That last bit sounded familiar, at least, even if none of the rest of it did.

"So he never went back to singing," I finished.

Isolde shook her head.

"Except for us, in the evenings," she said, a wistful smile spreading over her face. "For friends, occasionally. He could sing bits and pieces of almost any opera you could name. And he made up parodies of famous arias, for people's birthdays and such. Papa had such a wonderful sense of humor."

It's a good thing Isolde was lost in her memories at that moment, Julie, because I was gobsmacked, as you Brits say. Of all of the things she had said so far about v.L. and his improbable operatic aspirations, this mention of his sense of humor was the hardest to believe.

"I had no idea he was so talented," I said finally.

"Oh, he was very clever!" cried Isolde. "Mama always said he had the soul of a poet.
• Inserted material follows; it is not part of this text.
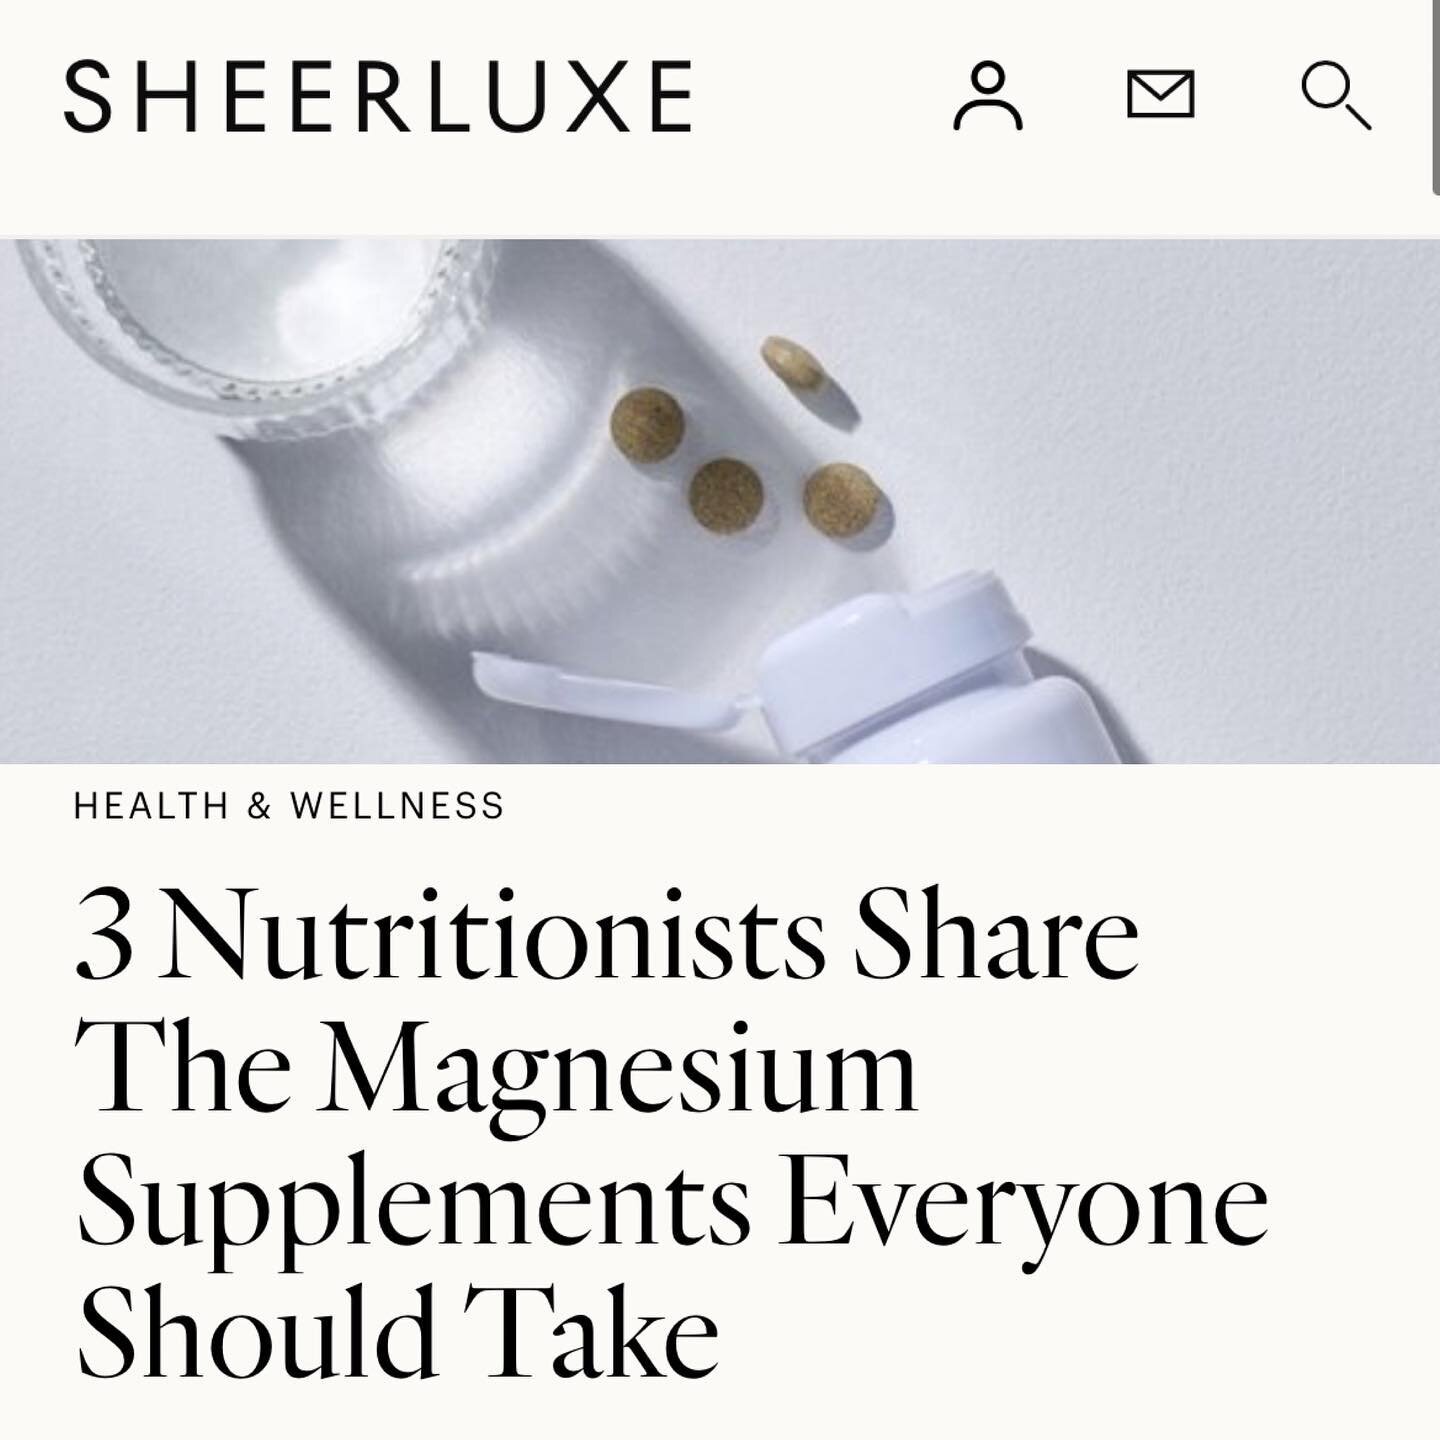 Magnesium is an absolute superhero mineral that you NEED to know about! Learn more about how magnesium can support your health &amp; well-being in this informative @sheerluxe article 👆🏻thank you so much for including my comments @toralicewest 🤍

#

I know he wrote her love poems, which she never showed me, and which probably went up in flames when the house was bombed. And he made up little rhyming songs for me when I was small, to tunes from Mozart operas, to help me remember the street where we lived and what his school's telephone number was, in case I got lost somewhere in the city."

She hummed a line or two from a duet from Don Giovanni, clearly remembering to herself nonsense lyrics from her childhood that were too private a memory to share completely. (I may not have the same knowledge of literature that you and v.L. shared, Julie, but my grandmother almost never turned off her gramophone when I was growing up, so I have a much more extensive overview of music.)

I raised an eyebrow, bemused.

"Not tunes from Wagner operas?"

Isolde granted me a quivering little smile.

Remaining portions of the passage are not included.